MicroNoCsr R1FS + RMS + iBus externaly keep last responses (IEKLR) -> iCE40 -> 54 Mhz 856 LC Artix 7 -> 343 Mhz 509 LUT 288 FF Cyclone V -> 136 Mhz 343 ALMs Cyclone IV -> 118 Mhz 677 LUT 213 FF

MicroNoCsr R1FS + RMS + IEKLR + Only load word (OLW) -> iCE40 -> 59 Mhz 823 LC Artix 7 -> 353 Mhz 493 LUT 283 FF Cyclone V -> 148 Mhz 328 ALMs Cyclone IV -> 112 Mhz 648 LUT 208 FF

MicroNoCsr R1FS + RMS + IEKLR + OLW + No shift instruction (NSI) -> iCE40 -> 61 Mhz 722 LC Artix 7 -> 387 Mhz 444 LUT 275 FF Cyclone V -> 134 Mhz 253 ALMs Cyclone IV -> 116 Mhz 556 LUT 200 FF

MicroNoCsr R1FS + RMS + IEKLR + OLW + NSI + Pessimistic hazard (PH) -> iCE40 -> 59 Mhz 689 LC Artix 7 -> 418 Mhz 427 LUT 265 FF Cyclone V -> 147 Mhz 241 ALMs Cyclone IV -> 119 Mhz 528 LUT 190 FF

Dolu1990 commented 6 years ago

Only the PH optimisation reduce the IPC

regymm commented 3 years ago

I've just fitted the GenSmallestNoCsr into iCE40-HX1K with 2KB ROM, 4KB RAM, UART RX, and some memory-mapped GPIO for processing VT100 sequences -- VexRISCV is very promising!

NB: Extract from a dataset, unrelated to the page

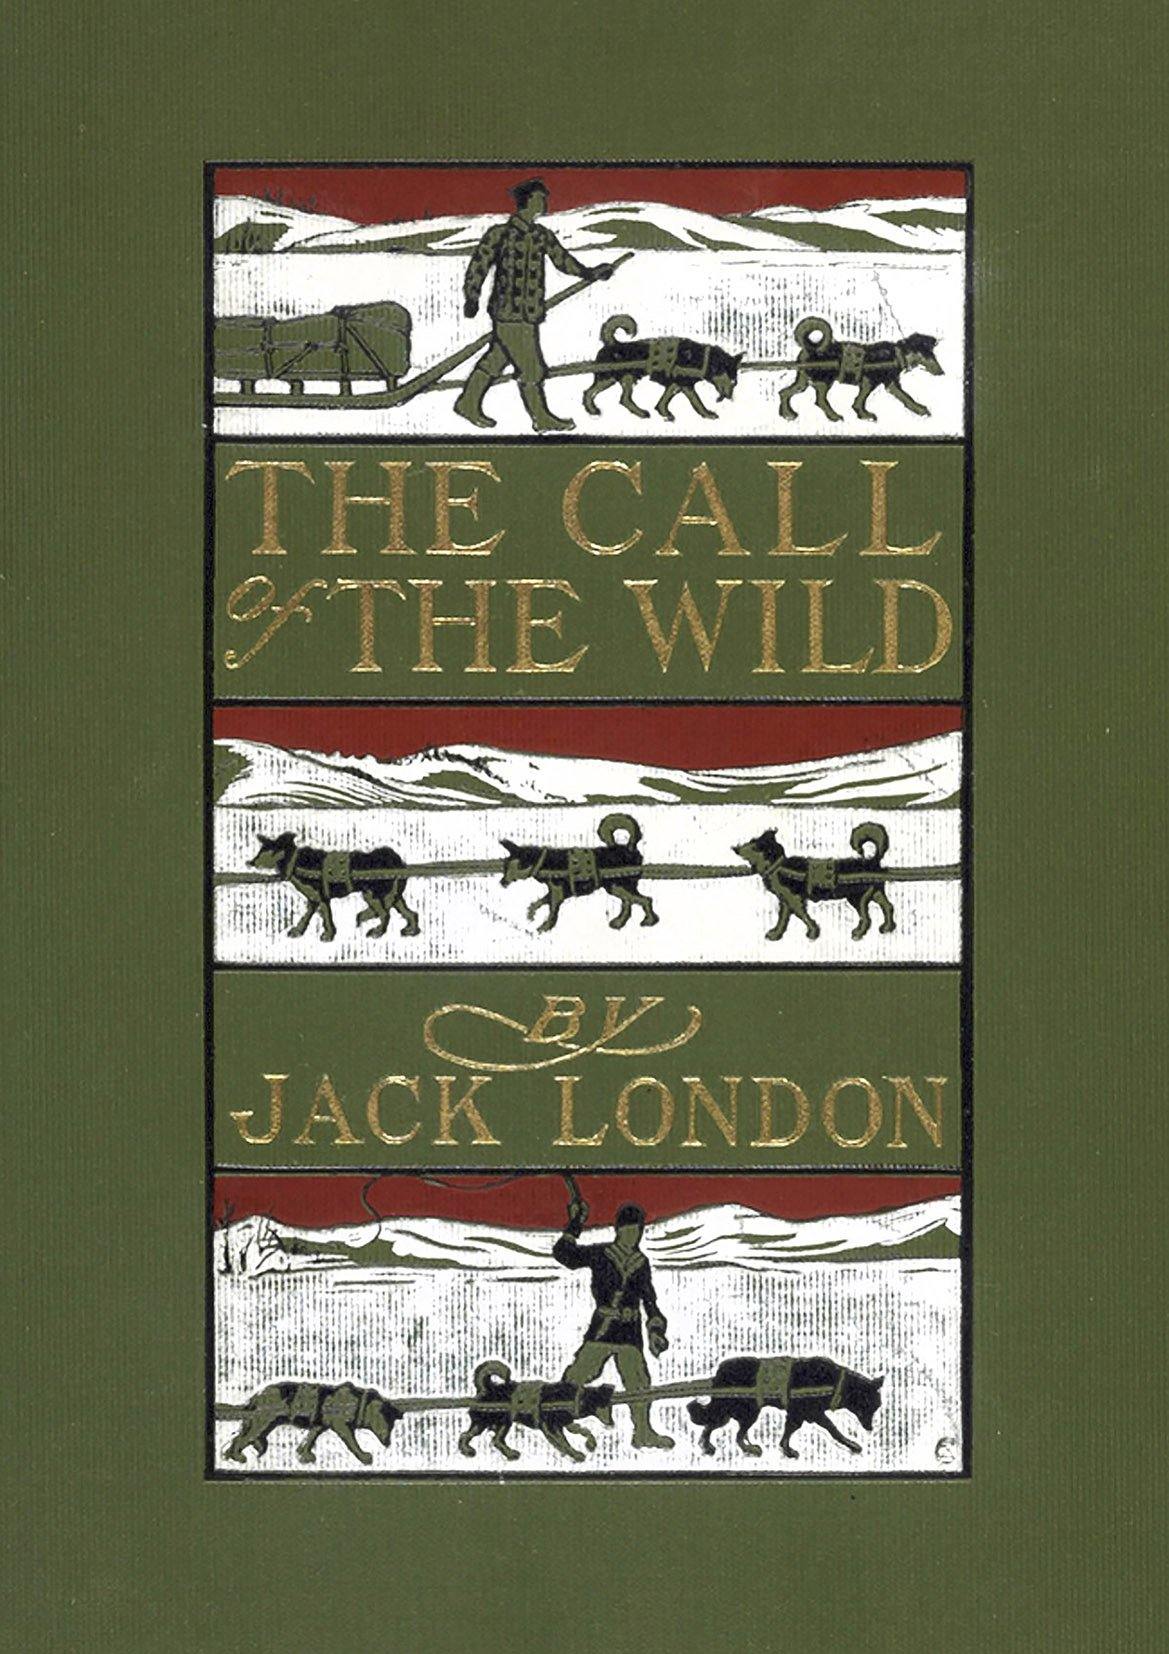 CALL OF THE WILD PRINT: Vintage Jack London Book Cover Art Poster - Pimlico Prints

The most difficult part for me is the block ram to iBus/dBus interface, as I didn't find any detailed documents about the buses. So it'll be nice if there're some examples for directly using block ram for instruction/data(Murax's arbitrator seems too much for the smallest design).

Dolu1990 commented 3 years ago

hmm using a true dual ported ram would produce the best results i guess.

For the ibus => https://github.com/SpinalHDL/VexRiscv#ibussimpleplugin

Stream and Flow are specified in the SpinalDoc.

For the dbus => https://github.com/SpinalHDL/VexRiscv#dbussimpleplugin

It is nearly similar, excepted for the rsp arbitration.